◆ ASSIGNMENT: From the first line to the last, copy the data exactly and drop the pictures.

◆ PROVIDED MATERIAL:
--------

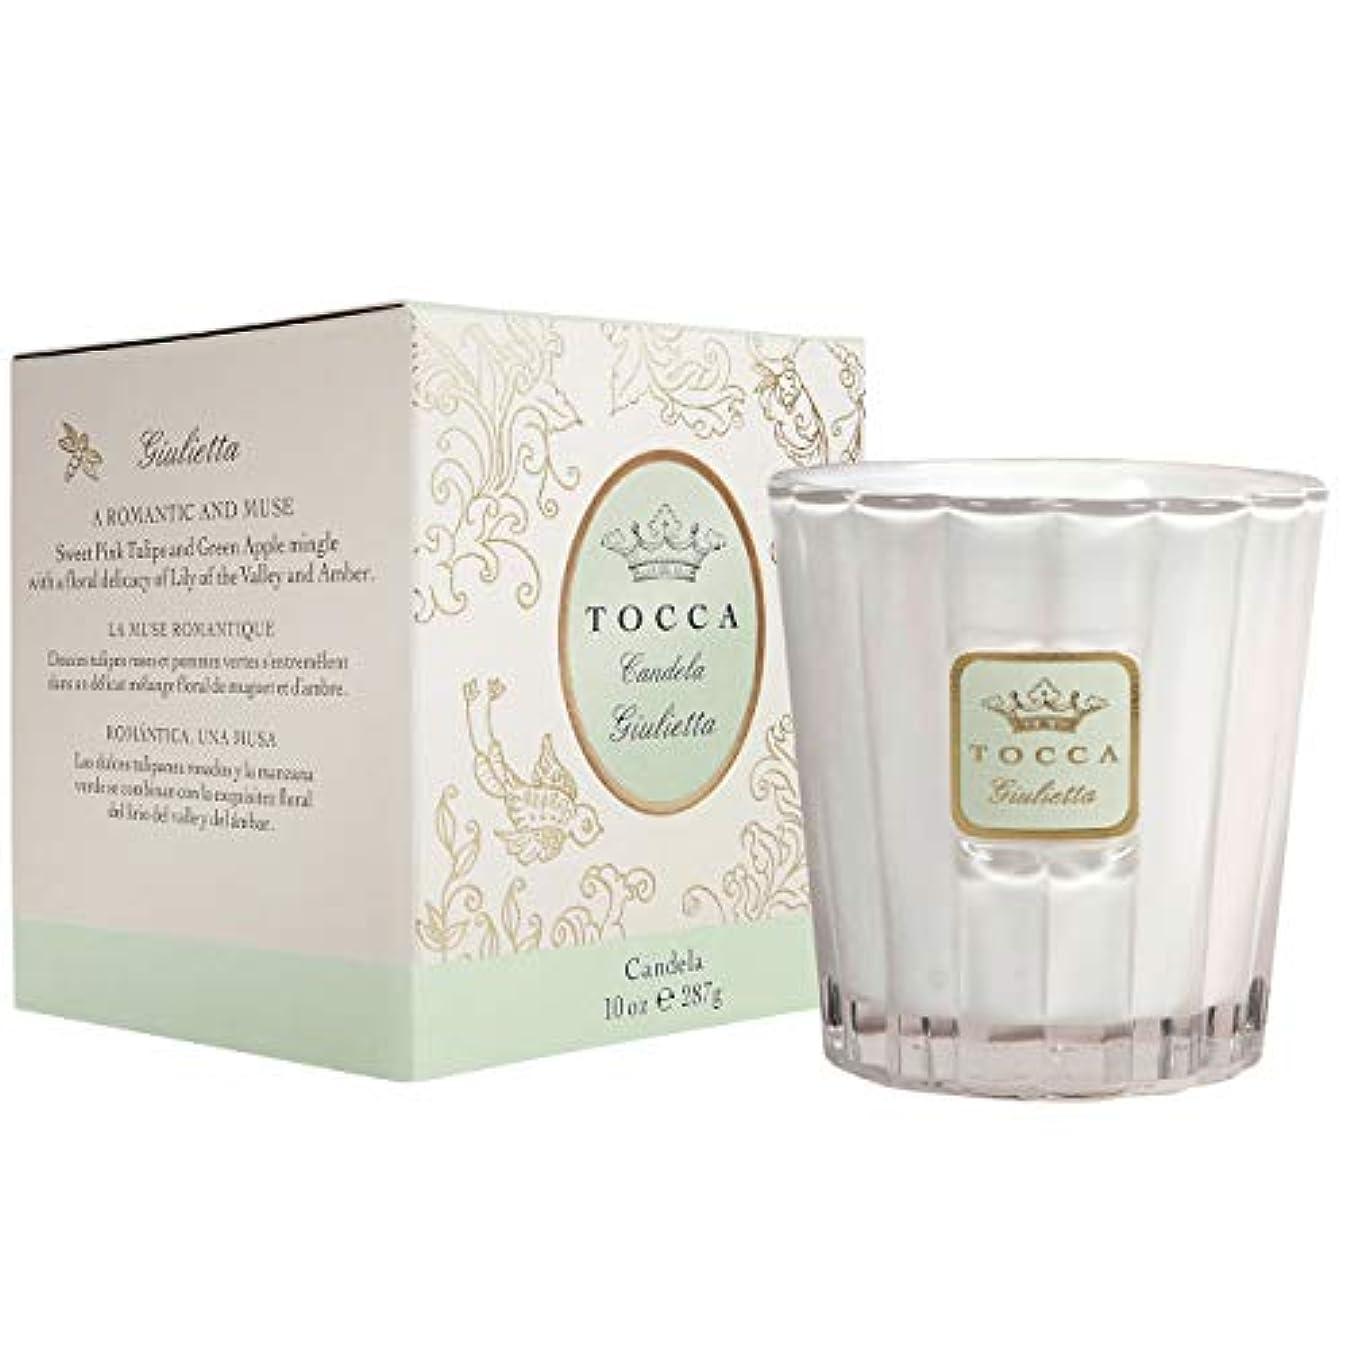 ヤング浸した寝室トッカ(TOCCA) キャンドル ジュリエッタの香り 約287g (ろうそく 爽やかで甘い香り)
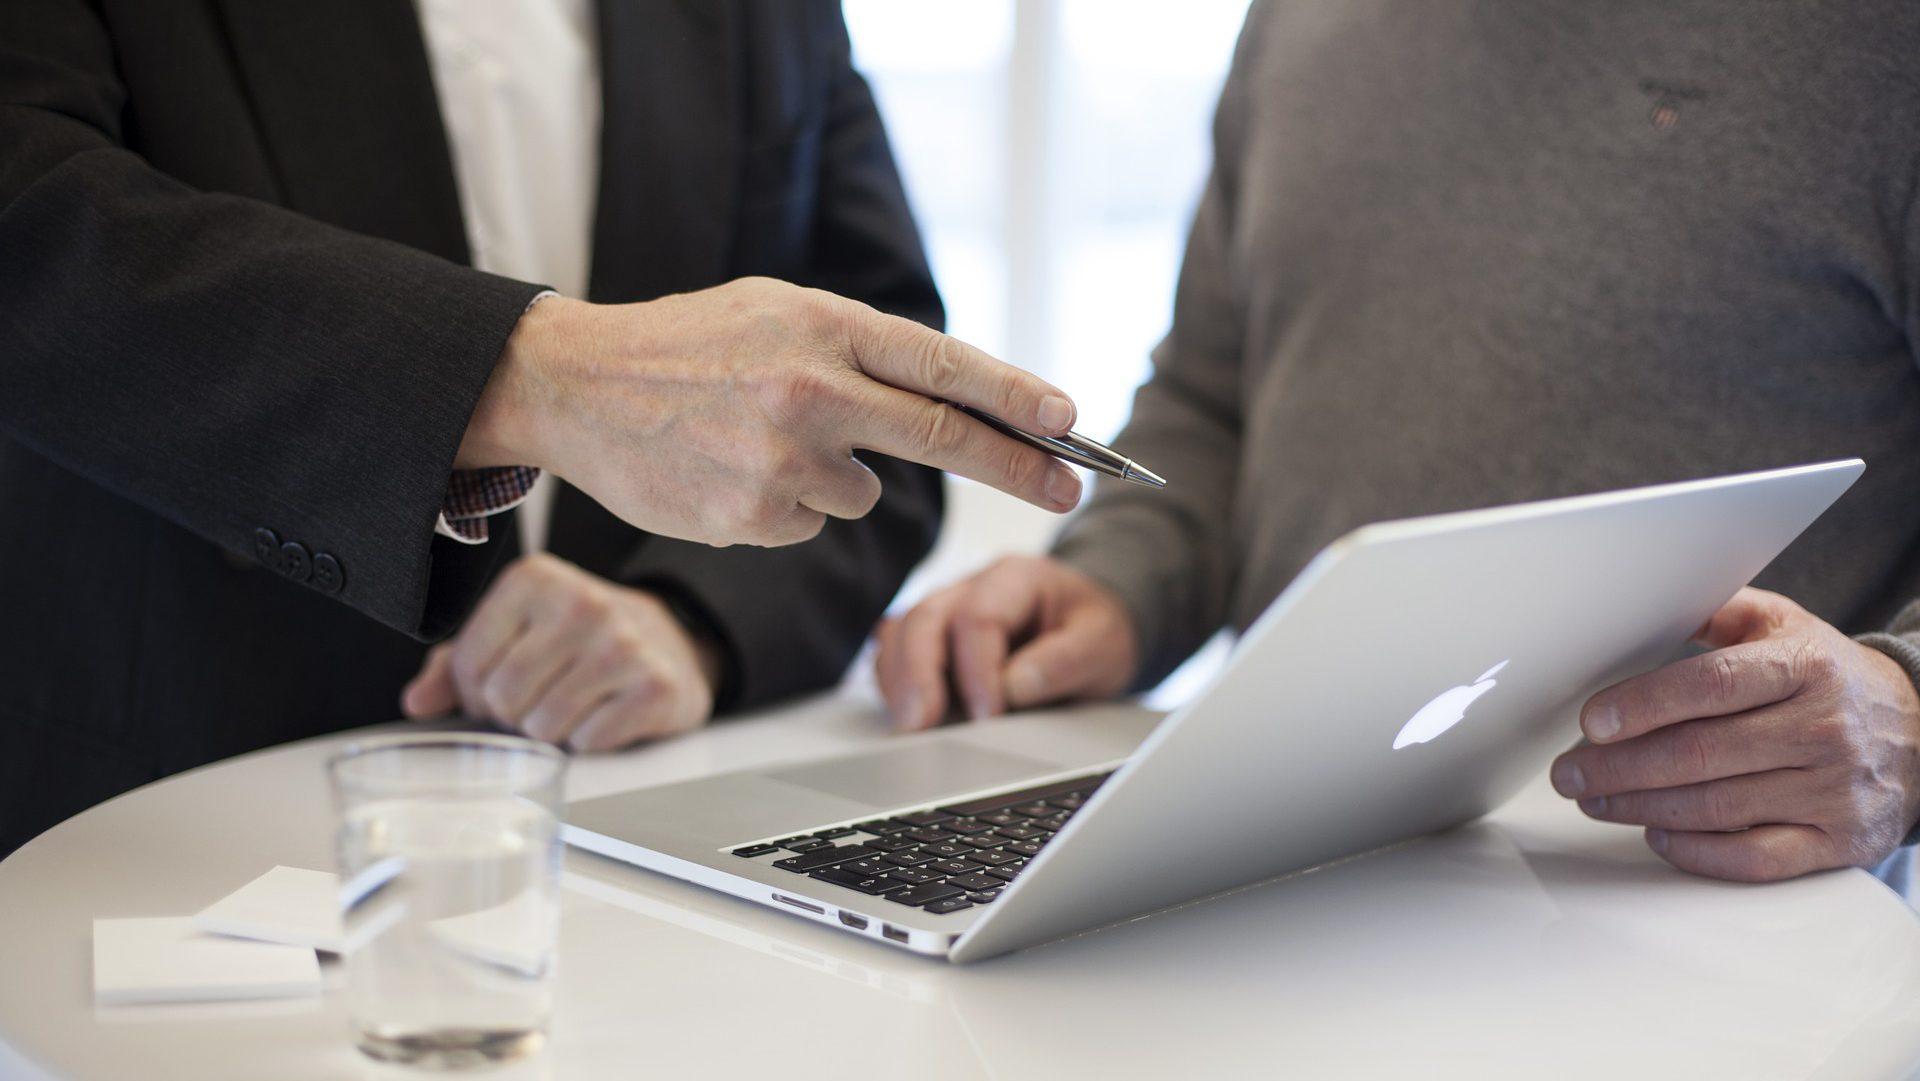 Ostróda: Prawnik i psycholog – bezpłatne konsultacje
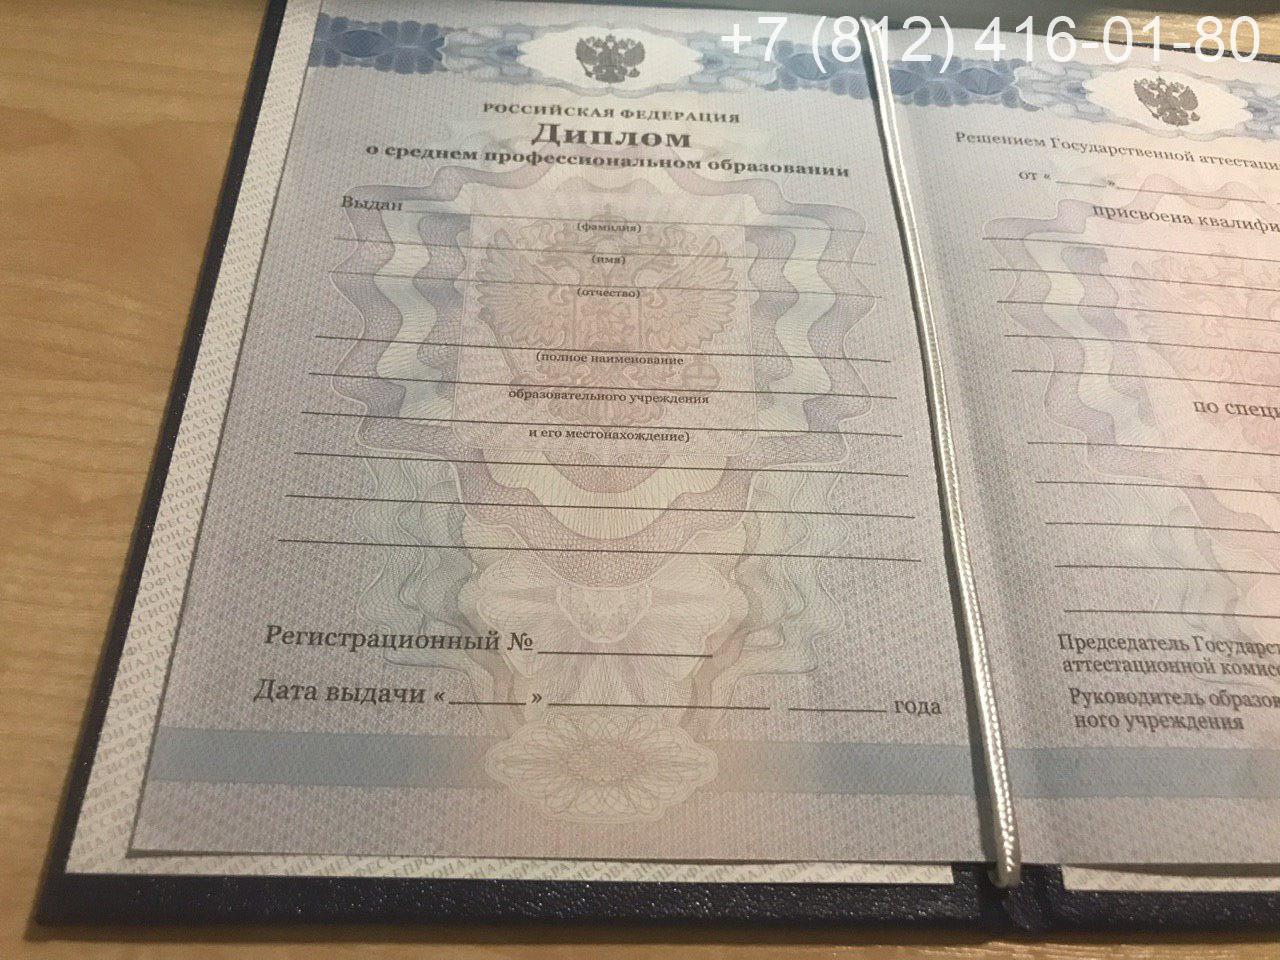 Диплом техникума 2011-2013 годов, образец, титульный лист-1
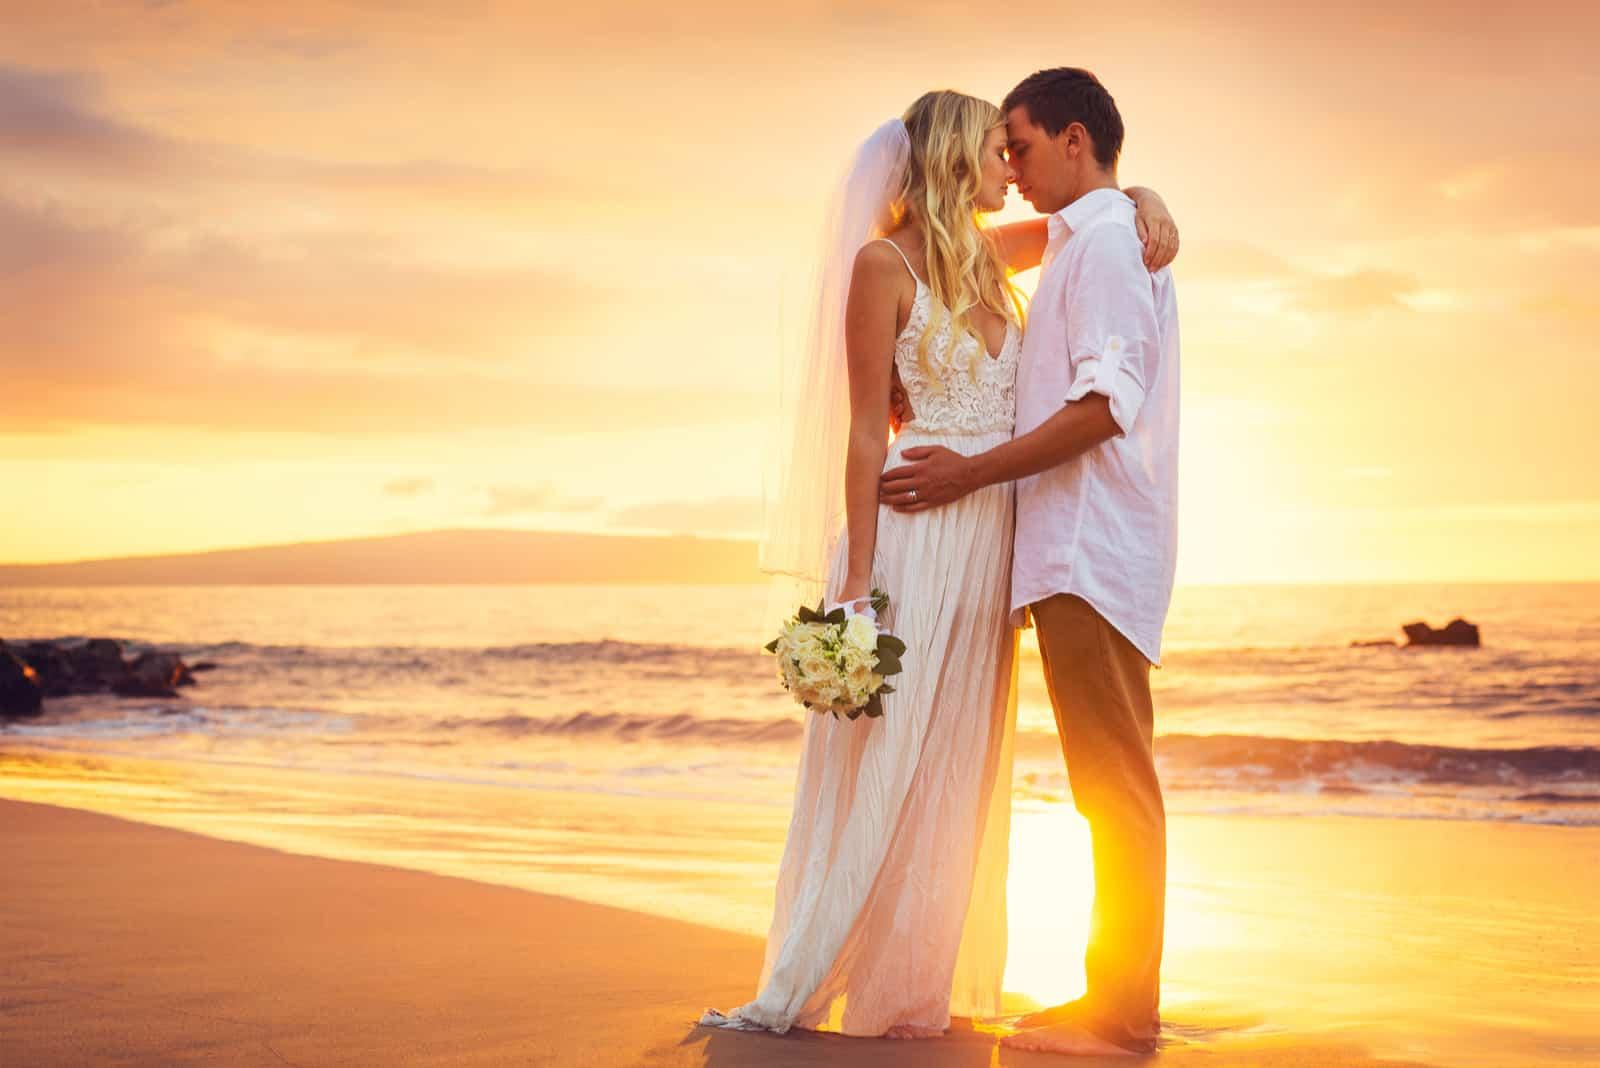 Braut und Bräutigam an einem wunderschönen tropischen Strand

--------

◆ RESPONSE TO THE EXERCISE:
 ヤング浸した寝室トッカ(TOCCA) キャンドル ジュリエッタの香り 約287g (ろうそく 爽やかで甘い香り)
 Ostróda: Prawnik i psycholog – bezpłatne konsultacje
 Диплом техникума 2011-2013 годов, образец, титульный лист-1
 Braut und Bräutigam an einem wunderschönen tropischen Strand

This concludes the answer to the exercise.